O Espírito Santo vive um momento estratégico na história da cafeicultura. Maior produtor brasileiro de conilon, o Estado vem consolidando uma combinação cada vez mais valorizada pelo mercado internacional: capacidade produtiva, regularidade de oferta e avanço na qualidade dos grãos. Em meio às incertezas globais sobre estoques, logística e produção mundial, especialistas de mercado cafeeiro da Itália, França e Espanha desembarcaram nos últimos dias no Estado para comprovar esse potencial.
Os importadores, compradores dos grãos que atendem demandas desde o comércio de café tradicional até as linhas padrão luxo, vieram conhecer as origens, provar os cafés e estabelecer padrões de qualidade durante as visitas realizadas em cafeeiras nos municípios de Nova Venécia, São Gabriel da Palha, Rio Bananal e Linhares.
Qualidade e produtividade impulsionam interesse internacional
A evolução em termos de qualidade e quantidade na produção de Conilon no Espírito Santo foi o grande motivador da visita, informou Joseph Reiner, consultor da empresa italiana Lavazza, uma das maiores torrefadoras europeias.
“Os produtores têm melhorado muito a atenção em aspectos de qualidade, como também os investimentos em novas variedades clonais que trazem diferenciação em termos de manejo, produtividade e qualidade. O potencial continua sendo muito grande, com a diferença que agora o Estado tem volume de produção suficiente não só para atender a demanda interna, mas para montar um fluxo competitivo de exportação frente a outras origens”, disse.

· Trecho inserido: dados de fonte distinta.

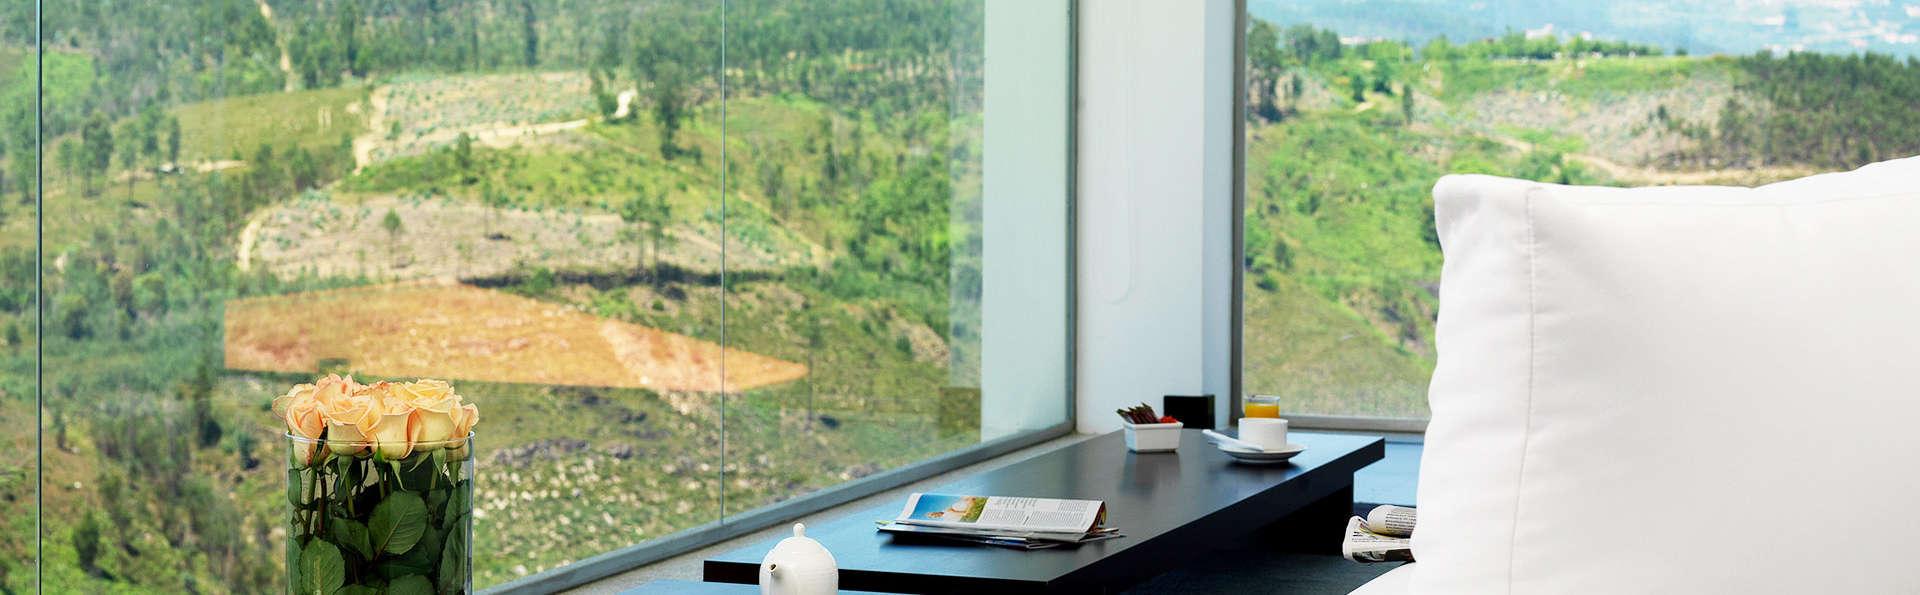 Agua Hotels Mondim de Basto - EDIT_detailroom.jpg

Cenário global pressiona mercado e amplia busca por alternativas
As visitas ocorrem em um momento desafiador para o mercado mundial. As tensões geopolíticas no Oriente Médio, especialmente a instabilidade no Estreito de Ormuz, após conflitos geopolíticos, aumentaram a preocupação global com logística e abastecimento. Paralelamente, o Vietnã – principal concorrente mundial – enfrenta mudanças em sua dinâmica agrícola, impulsionadas pela diversificação de culturas e pela crescente demanda chinesa.
Outra questão está relacionada à menor quebra de peso durante a torra. Os importadores têm buscado alternativas ao café do Vietnã, ao arábica, priorizando grãos com maior rendimento, a exemplo do café capixaba.
Conilon capixaba se aproxima do padrão internacional
Joseph Reiner ressalta que o principal concorrente do Brasil, em termos de robusta, continua sendo o Vietnã, pois as características de qualidade são um pouco diferentes do café brasileiro, porém o produtor capixaba vem se aproximando rapidamente em equivalência no quesito qualidade.
“A procura da indústria local por grãos de melhor qualidade tem ajudado bastante na melhoria dos cafés. Eu diria que o Conilon tem uma capacidade de produção – e consequente aumento -, que nenhuma outra origem possui. Em média tem uma produtividade superior e faltava, apenas, melhorar alguns aspectos de qualidade e manutenção do fluxo de exportação, níveis competitivos para que o importador volte a ‘aprender a usar o conilon’”, destacou o consultor da Lavazza.
Safras robustas e novos perfis de cafés ganham espaço
Na safra 25\26, segundo média das pesquisas de multinacionais, a produção no Brasil foi de 28 milhões de sacas (20 milhões foram no ES), volume próximo do Vietnã que somou 31 milhões de sacas.
Hoje, os importadores têm buscado, principalmente, cafés de perfil mais neutro, com maior uniformidade e estabilidade industrial. E é nesse ponto o café capixaba começa ganhar mais atenção, haja visto que os produtores passaram a investir mais em manejo, na colheita e pós-colheita, elevando a oferta de cafés mais limpos e padronizados, explicam especialistas.
Segundo representantes do setor, durante as provas de degustação, também houve quem demonstrasse interesse por cafés conilon cereja descascados e despolpados, perfil que até pouco tempo não eram considerados interessantes.